Terjadinya peningkatan izin pertambangan secara masif dari hanya 2.500 izin pada tahun 2009 dan menjadi hampir 11.000 di awal 2014. Dari jumlah itu, terdapat 4.672 izin usaha pertambangan (IUP) yang tidak masuk dalam kategori Clean and Clear (CnC) alias menyimpang.
Pernyataan itu disampaikan Koalisi Antimafia Tambang yang merupakakan gabungan dari sejumlah LSM dalam jumpa pers di kantor Indonesia Corruption Watch. (ICW), Jakarta, Minggu, (07/12).

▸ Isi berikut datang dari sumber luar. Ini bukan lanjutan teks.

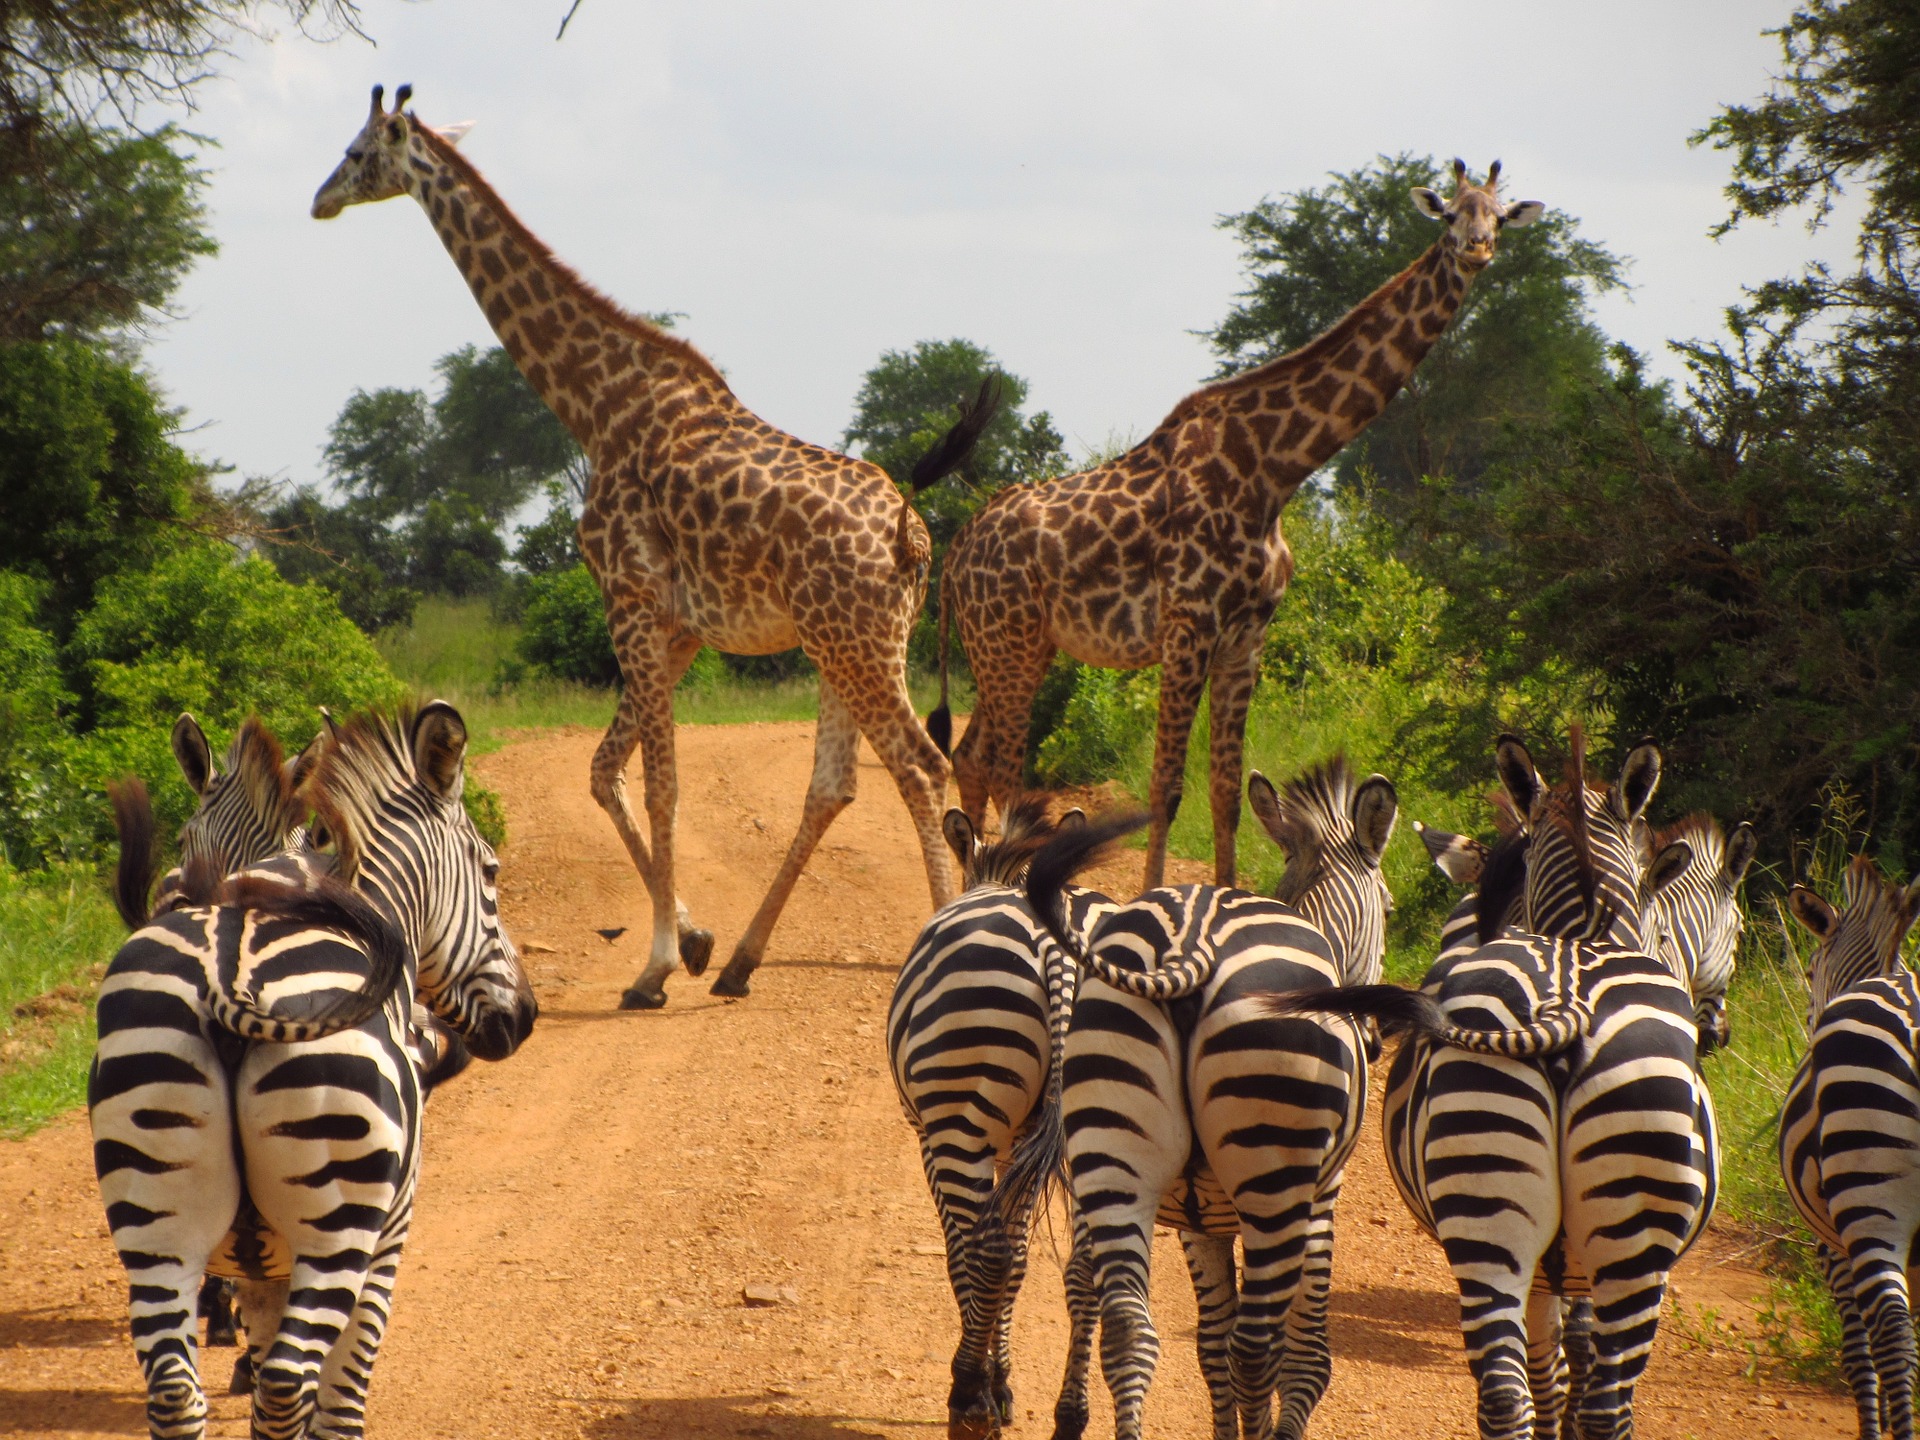 Wandergemeinschaft der Zebras und Giraffen in Afrika.

Artinya, dari 10.468 IUP bereaved per 1 Desember 2014, sebanyak 43,87 persen diantaranya tidak Clean and Clear.
"Hal ini menunjukkan masih lemahnya tata kelola sistem perizinan tambang di Indonesia," ujar Koordinator Publish What You Pay (PWYP) Maryati Abdullah, yang tergabung dalam koalisi tersebut.

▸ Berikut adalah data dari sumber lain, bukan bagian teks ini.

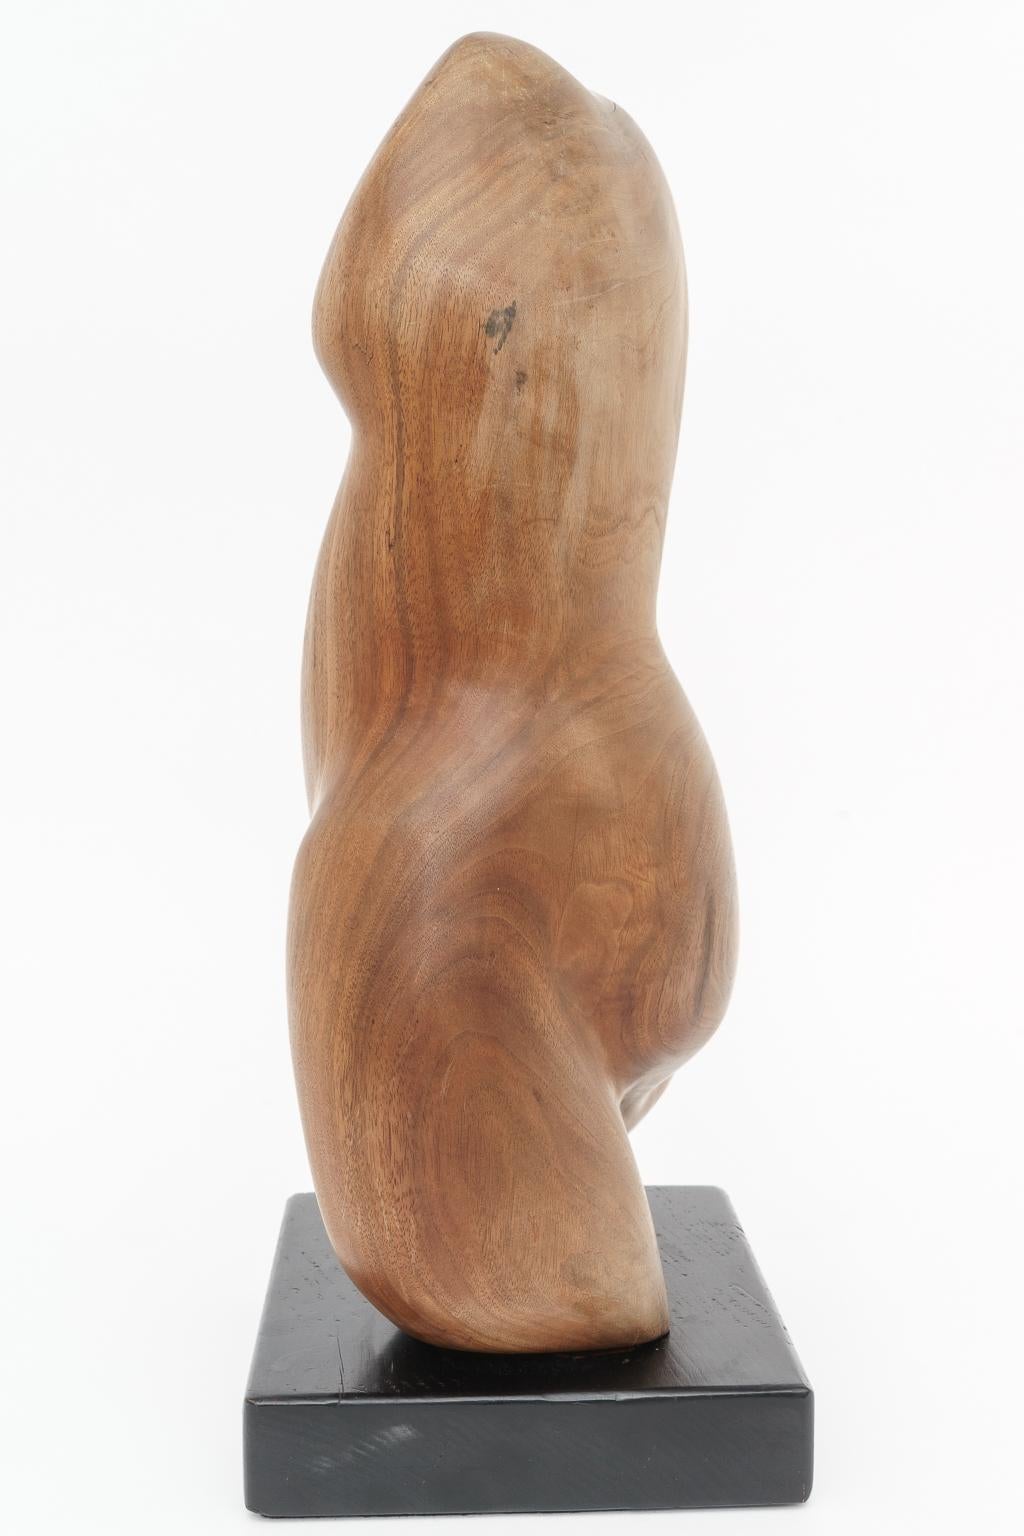 artisanal wooden torsos

Maryati mencontohkan penyimpangan status tambang yang dilakukan di hutan konservasi. Ia mengatakan terdapat 1,372 juta hektar izin tambang di daerah justru berada di kawasan hutan konservasi.
Di antaranya, ada 1,16 juta hektar dipakai untuk izin pinjam pakai kawasan hutan untuk IUP, 110,21 ribu hektar Kontrak Karya (KK) dan 101,99 ribu hektar untuk perjanjian karya pengusahaan pertambangan batubara di kawasan konservasi.
Akibat izin-izin yang marak tersebut, hutan konservasi di daerah pun tidak dapat terlindungi. "Untuk itu perlu dilakukan langkah penertiban izin agar tidak ada lagi operasional pertambangan minerba di kawasan hutan konservasi di seluruh Indonesia," tegas Maryati.